Das Reliquiar stellt eine weibliche Heilige mit königlichem Rang dar. Die Kopfform sollte den Kopf des Heiligen ersetzen, von dem im Innern nur ein Teilstück aufbewahrt wurde. Die geringe Qualität des Stückes läßt nur schwer eine genaue zeitliche und örtliche Zuordnung zu. Welche Heilige durch das Reliquiar dargestellt wird, und wie dieses nach Melk kam, ist ebenfalls unbekannt. Vermutlich gehörte es schon sehr früh zum Melker Klosterschatz, sichere Hinweise dafür fehlen jedoch.




Literatur: Joseph BRAUN, Die Reliquiare des christlichen Kultes und ihre Entwicklung (Freiburg i. Br. 1940), S. 413.

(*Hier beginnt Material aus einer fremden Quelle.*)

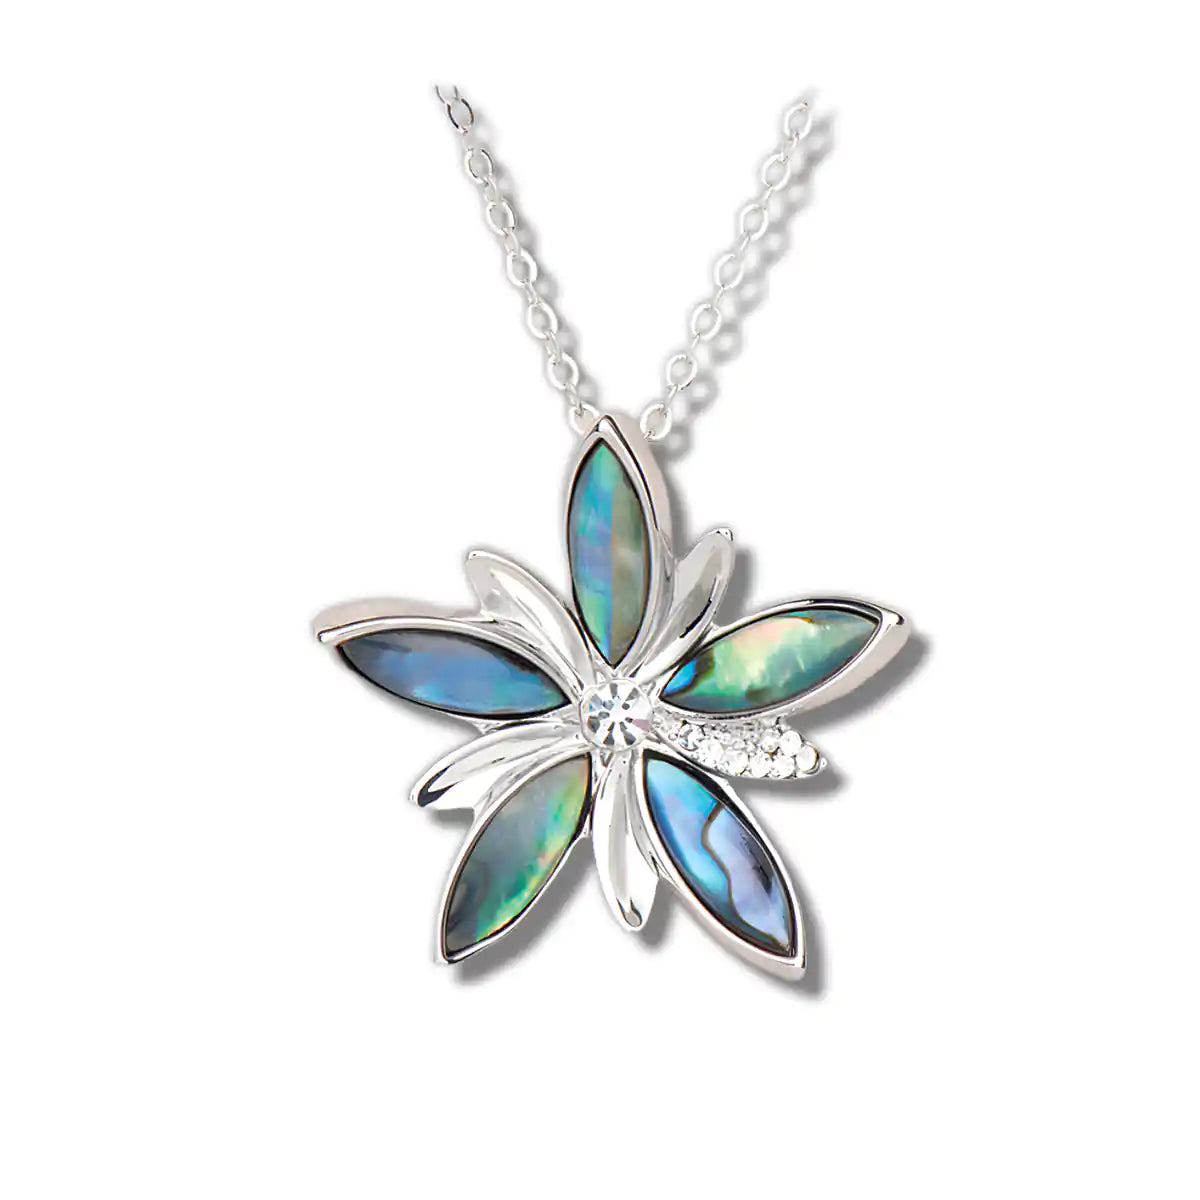 Glacier pearle bloom necklace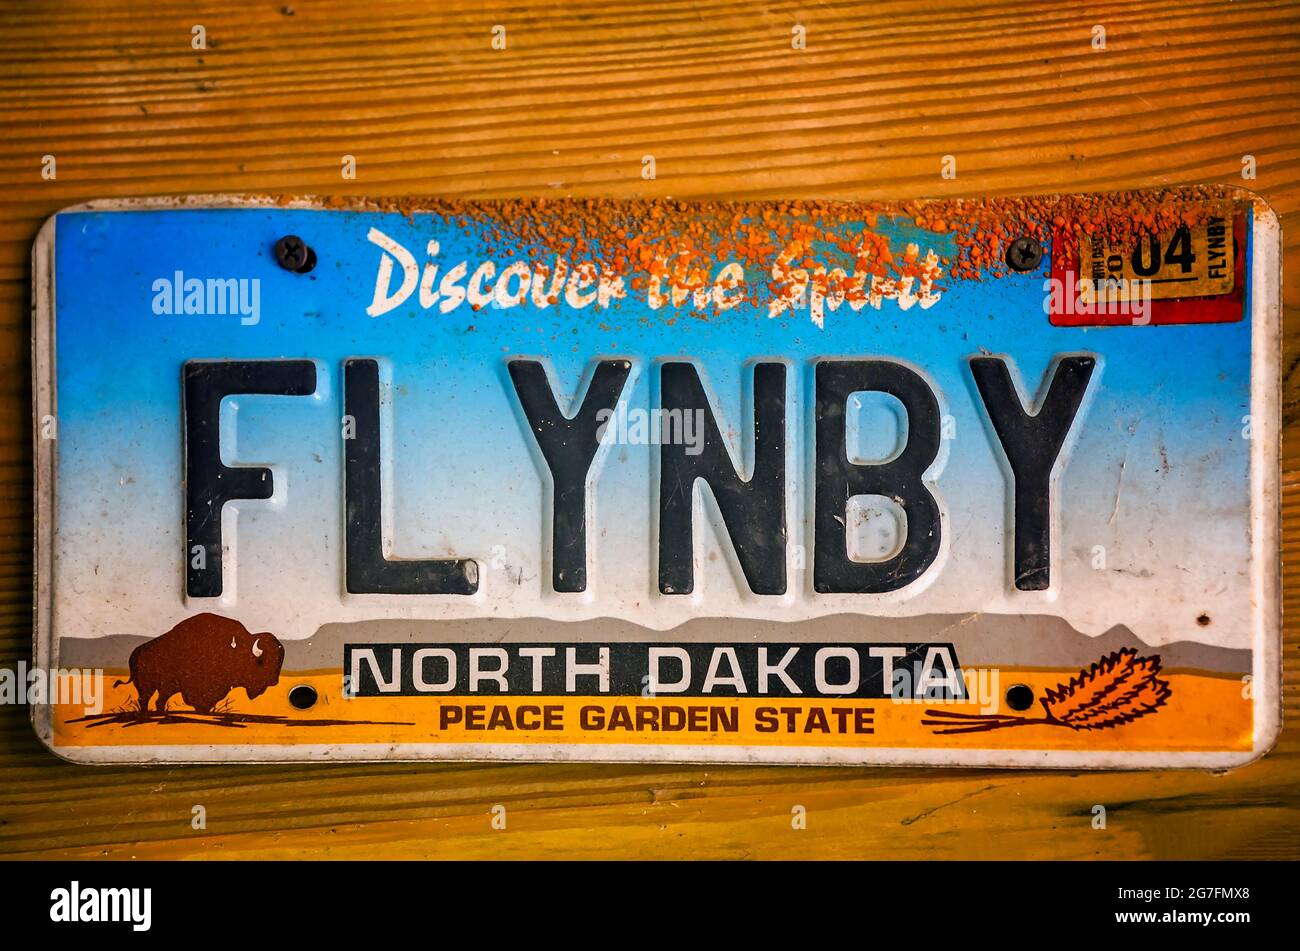 Una targa di cortesia del North Dakota presenta bisonti e il messaggio "flyin' by" presso il Shed Barbeque and Blues Joint di Ocean Springs, Mississippi. Foto Stock

Jakob Prandtauer und sein Kunstkreis. Ausstellung zum 300. Geburtstag des großen österreichischen Baumeisters. Stift Melk, Österreich, 14. Mai bis 23. Oktober 1960. Veranstaltet von der Stadtgemeinde Melk. Hrsg. von Rupert Feuchtmüller (Wien 1960), S. 126, Nr. 68.
Romanische Kunst in Österreich. Ausstellung, veranstaltet von der Stadtgemeinde Krems an der Donau, 21. Mai bis 25. Oktober 1964, Minoritenkirche Krems-Stein. Redigiert von Harry Kühnel (Wien 1964), S. 177, Nr. 125.